The Institute for International Finance (IIF) is another harbinger of currency conflict. On Monday, this body, which speaks for the world's leading banks and financial institutions, warned of the dangers of global protectionism if the leading nations did not get their currency acts together. The IIF, while calling for a truce, is in no doubt that hostilities have already begun. What we are seeing is the beginning of the medium-term fall-out from the financial convulsions of 2008 and last year. In macroeconomic terms, the big loser from the financial crisis was the US and the dollar, which has acted as the global reserve currency since the post-Second World War settlement.
The process of diminution of dollar power was under way in any case, as China's economic growth pulled financial muscle away from the West and towards the dynamic economies of Asia. The financial crisis accelerated this trend and has now brought us to the opening of currency hostilities. China took advantage of the weakening of US financial power to increase its stock of reserve dollars. It now holds about US$2.45 trillion (Dh8.99tn) worth of currency reserves, of which about 65 per cent is in dollars, and shows no sign of wanting to reduce that stock. China's hoarding of dollars accounted for more than half the total increase in all reserves held between the beginning of 2008 and last June.
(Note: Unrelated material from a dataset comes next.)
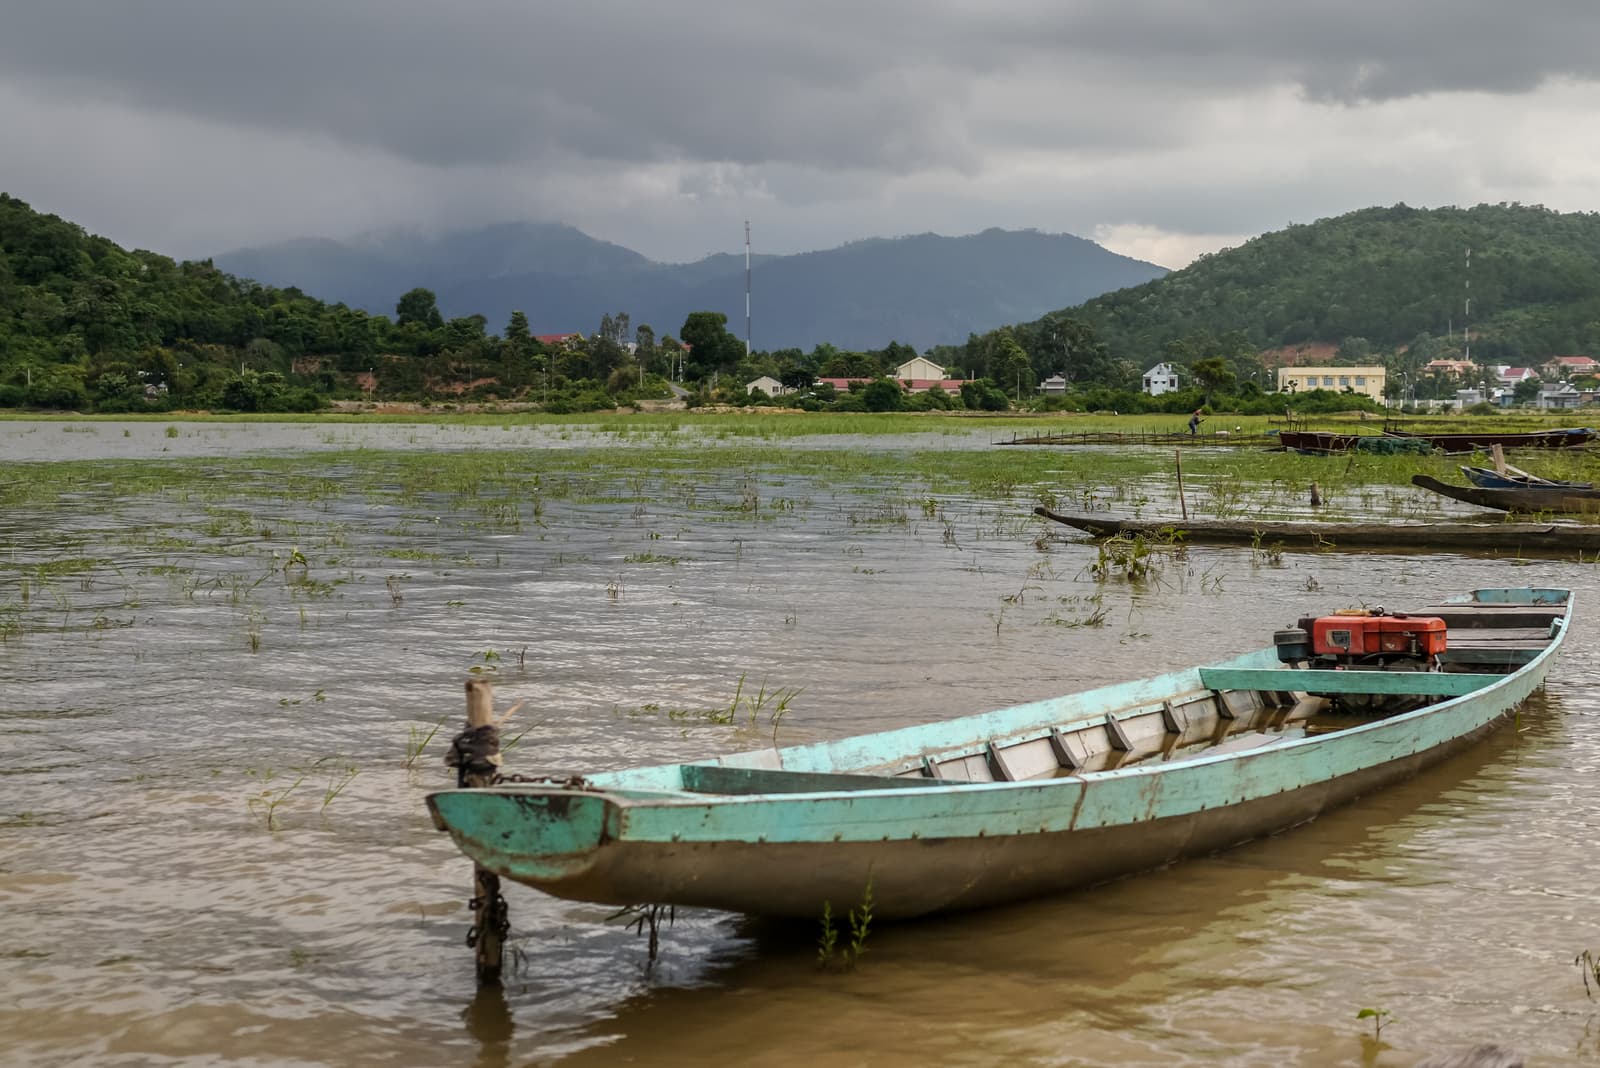 Lắk Lake, Liên Sơn, Đắk Lắk Province, Vietnam

You might think the Americans would be grateful there is a buyer of last resort in the market to snap up dollars - and the sovereign debt they represented - that were in danger of depreciating as the frailties of the US financial system were made apparent. But it does not work like that, for two reasons. First, US politicians are becoming increasingly alarmed at the power this dollar and debt hoard gives to China. The authorities in Beijing have always said they were long-term holders of the currency of the world's biggest economy but US politicians (and they are not all right-wing xenophobes) fear the day when it is no longer in China's interests to hold dollars. Dumping them would be a declaration of financial war against the US and the effects on its economy would be cataclysmic.
The other reason Americans are concerned is what they regard as the intentional weakness of China's currency, the yuan. They believe Beijing is keeping this artificially low as a subsidy to Chinese exporters who already have a commanding position in world trade by reason of their huge cost advantages, mainly cheap labour. In normal times, this would not have been such an issue. Americans would have been happy to buy the goods produced by the Chinese and add to their dollar reserves. The problem now is that the US also wants to export. The cure to the economic recession that followed the financial crisis was seen as an export-led recovery but this would be stymied by an appreciating dollar. Perversely, it is now in interests of the US for the dollar to be comparatively weaker, certainly against the yuan but also against most other currencies in the world.
We seem to be approaching some kind of crisis point in the currency wars, or at least the end of an opening phase. It is obvious that not every currency can appreciate at the same time but there are now just too many of the biggest ones heading northwards when their national governments, also seeking export-led recovery, would prefer the opposite. The yen and the British pound have both been relatively strong and even the economic crises in Europe's peripheral countries including Greece, Ireland and Portugal has not stopped the rise of the euro over recent months. Something has to give.
The situation presents significant challenges and perhaps a unique opportunity for the Gulf countries. The challenges lie in the fact that the region is a remittance centre for many in Asia and Africa - even to Europe. Currency chaos would significantly disrupt this valuable trade. The ties between many regional currencies and the dollar also presents obvious dangers, chiefly the unwelcome volatility that big swings in dollar value would cause for the economies of the UAE and other dollar-pegged currencies.
Amid this uncertainty now may not be the right time to reconsider the GCC common currency. But, longer term, the logic of a regional currency, with a more representative weighting towards the big global players (apart from the dollar) and backed by petro-wealth, might become persuasive.